Some things do come to pass. I have witnessed the aurora borealis during years of living in northern British Columbia- standing on crisply frozen ground in below zero temperatures and watching as the lights rippled and dipped in a shifting electromagnetic colour field; I have delved into the world of physics to help me understand the phenomenon but I have not yet been to Lapland to see reindeer herders. I may never do so but I am deeply saddened by the prospect of another culture disappearing through our collective carelessness. The rate of ice melt due to warming is unstoppable; scientists predict that within 20 years there will be none at all thus leaving the Arctic Circle wide open for oil and gas exploration.
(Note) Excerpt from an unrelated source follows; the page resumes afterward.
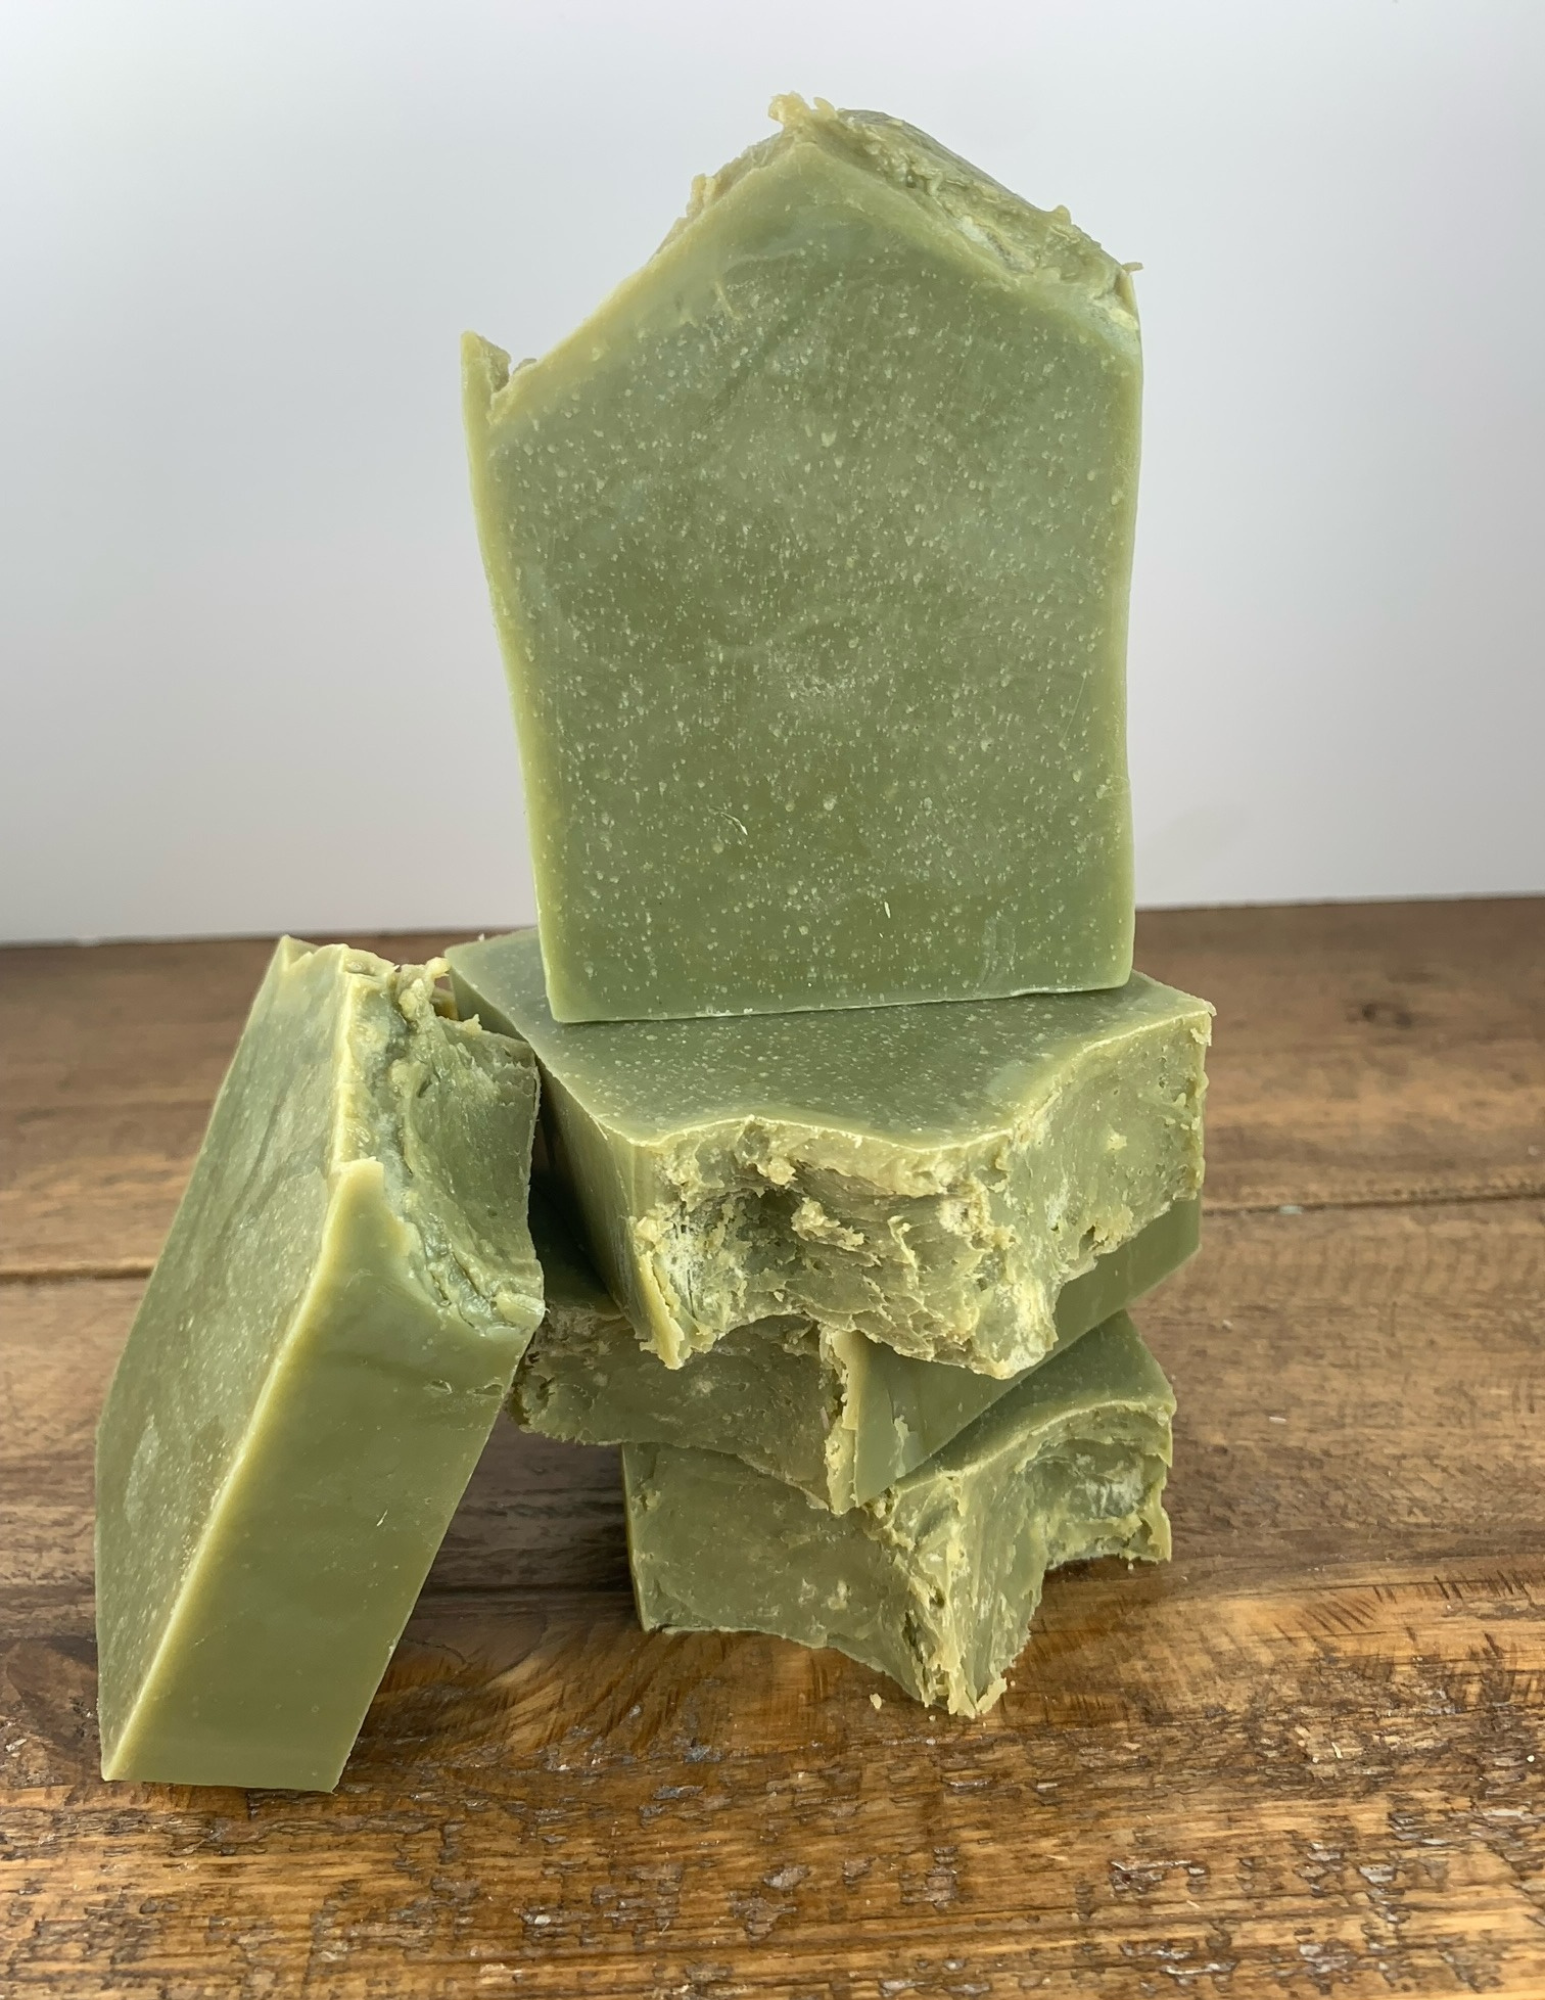 Four bars of this refreshing spearmint scented soap sit atop a wooden table. This soap is a dark green from the spurlina powder and features essential oils.

I am deeply saddened at the plight of indigenous peoples across the planet whose lands are seized for mining, for gas extraction and for industrial development – the Huichol of the Sierra Madres in Mexico whose ancient rites will fail under the destruction of their sacred (ore rich) mountain, the Aboriginal people of the Kimberley region whose land and coast are to become a giant industrial site for the extraction and shipping of gas and for the traditional fisher folk of the Arabian coast in India where mangroves have made way for coal fired power stations.
And do we really believe that we are invincible and that climate change will miraculously turn itself around or miss us completely? That one day CO2 levels will drop of their own accord to those of pre industrial times? I’d like to think that we will all learn to leave the car in the garage; bring on the fast trains; create the technologies we know will slow and eventually reverse the process; use land for food production and leave coal and gas where they belong and, while I remember, that we will also graciously make room for the displaced of the world just as our ancestors made room for themselves in this, their new world. I choose to believe that if we begin in earnest right now future generations might just survive another thousand years and a reindeer herder live to take part in another migration across the tundra.
I have no ready images so I’ll invite you to engage your imagination and fill in the pictures that surround these words.
1. You can listen on line to the Arctic story on
2. Our trip to Newcastle was to visit the New Fibre Arts Gallery ‘Timeless Textiles’ owned and operated by Anne Kempton. Well worth a visit to admire and enjoy the creativity and ingenuity of local artists who work in the medium of textiles and most of whom display great environmental ethics in their uses of natural materials and plant dyes and creative reuse.